As he walked slowly between the cold-storage room and t
he fertilizer shed, the rifle slung over his shoulder, he saw a thin silhouette between the shadows of the walls and suddenly a figure wearing a coat blocked his path. A woman’s voice, deep, pleasant, slightly husky, said, “Don’t be frightened, Yoav. It’s just me. Nina. I’ve been waiting for you to pass by here. I knew you would. I have to ask you something.”
Yoav drew back, then focused his eyes in the darkness, pulled Nina by the arm to the nearby streetlamp, and asked worriedly if she was cold and how long she’d been waiting there alone. Nina was a young woman known on the kibbutz for her strong, unwavering opinions. She had green eyes, long lashes, and thin, finely sculpted lips. Her forehead shone in the dark and her blond hair was cropped short.

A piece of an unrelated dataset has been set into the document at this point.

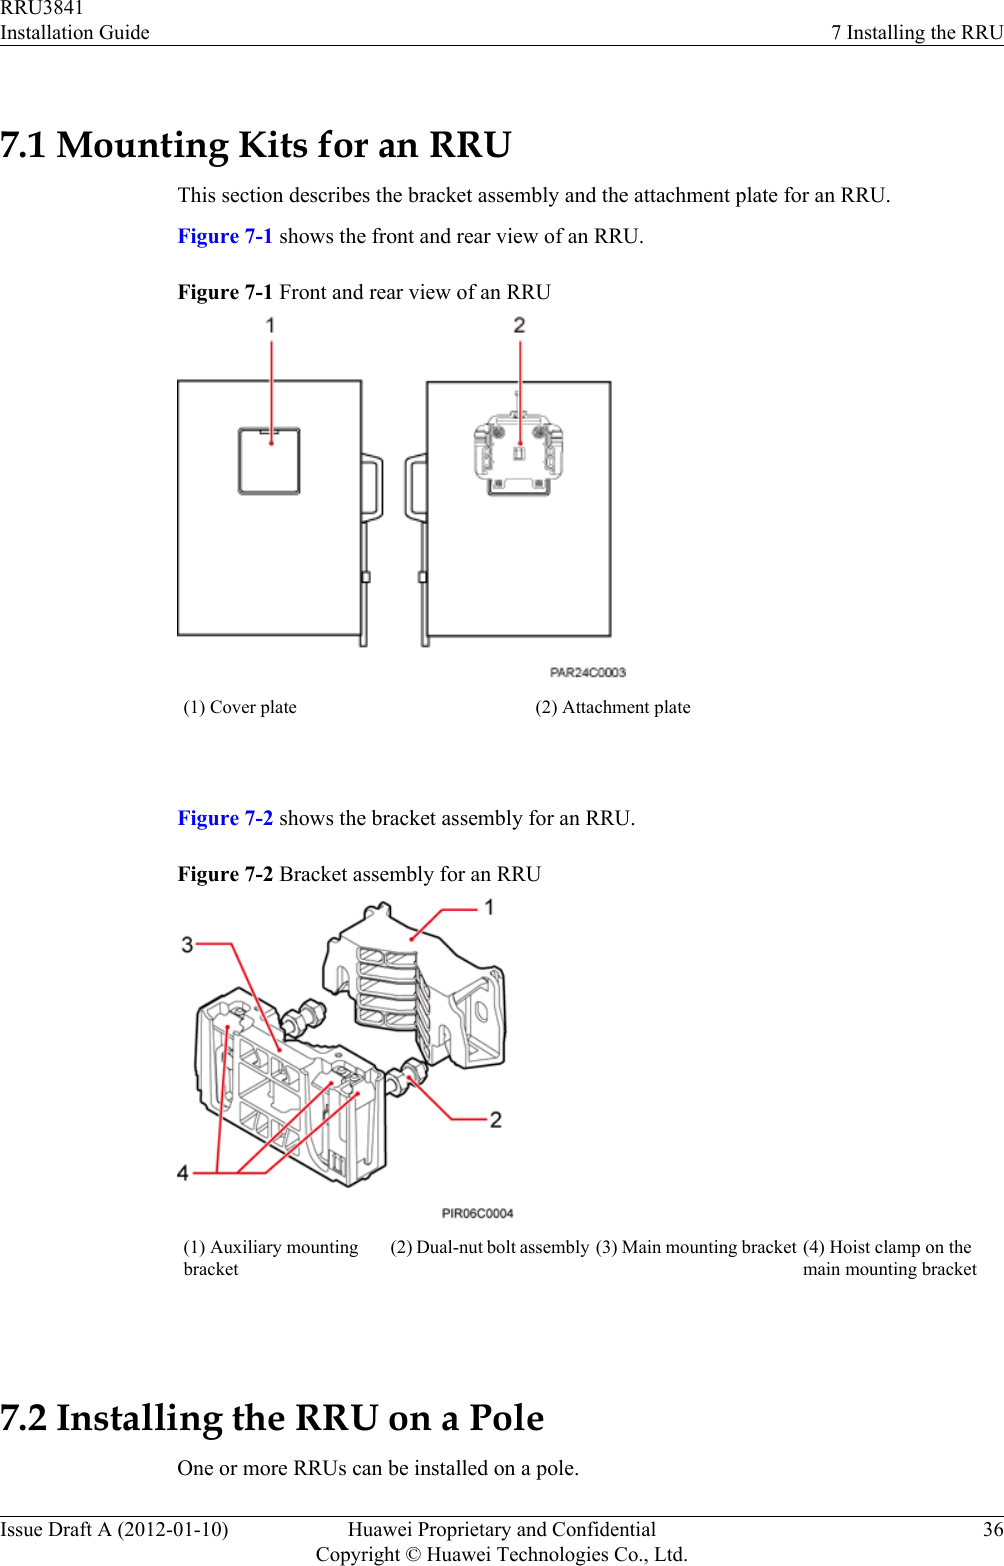 7.1 Mounting Kits for an RRUThis section describes the bracket assembly and the attachment plate for an RRU.Figure 7-1 shows the front and rear view of an RRU.Figure 7-1 Front and rear view of an RRU(1) Cover plate (2) Attachment plate Figure 7-2 shows the bracket assembly for an RRU.Figure 7-2 Bracket assembly for an RRU(1) Auxiliary mountingbracket(2) Dual-nut bolt assembly (3) Main mounting bracket (4) Hoist clamp on themain mounting bracket 7.2 Installing the RRU on a PoleOne or more RRUs can be installed on a pole.RRU3841Installation Guide 7 Installing the RRUIssue Draft A (2012-01-10) Huawei Proprietary and ConfidentialCopyright © Huawei Technologies Co., Ltd.36
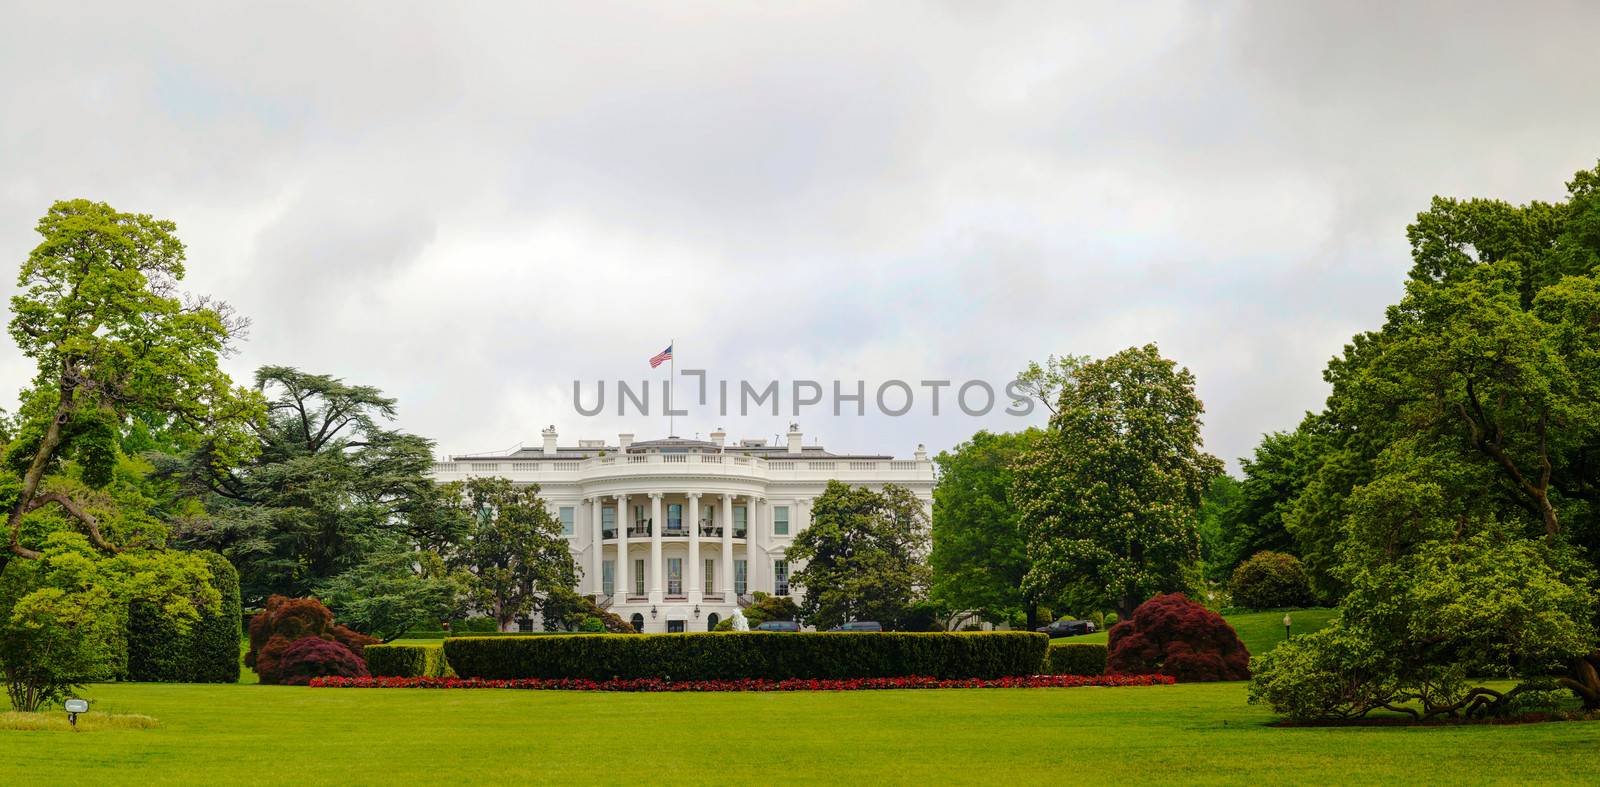 The White House building in Washington, DC by AndreyKr

“Tell me what you would do, Yoav, if you had to live every day and sleep every night of your whole life with someone who repulses you. Has repulsed you for years. The things he says, his smell, his jokes, his scratching, his hiccups, his coughing, his snoring, his nose-picking. Everything. What would you do?”
Yoav put his hand on her arm and said, “Tell me exactly what happened, Nina.”
In the light of the streetlamp, he saw that her face was pale and tense, but her tired green eyes, looking straight into his, held not a single tear. She clenched her lips and said, “Nothing happened. He even argues with the announcer on the radio.” Then she said, “I can’t take it anymore.”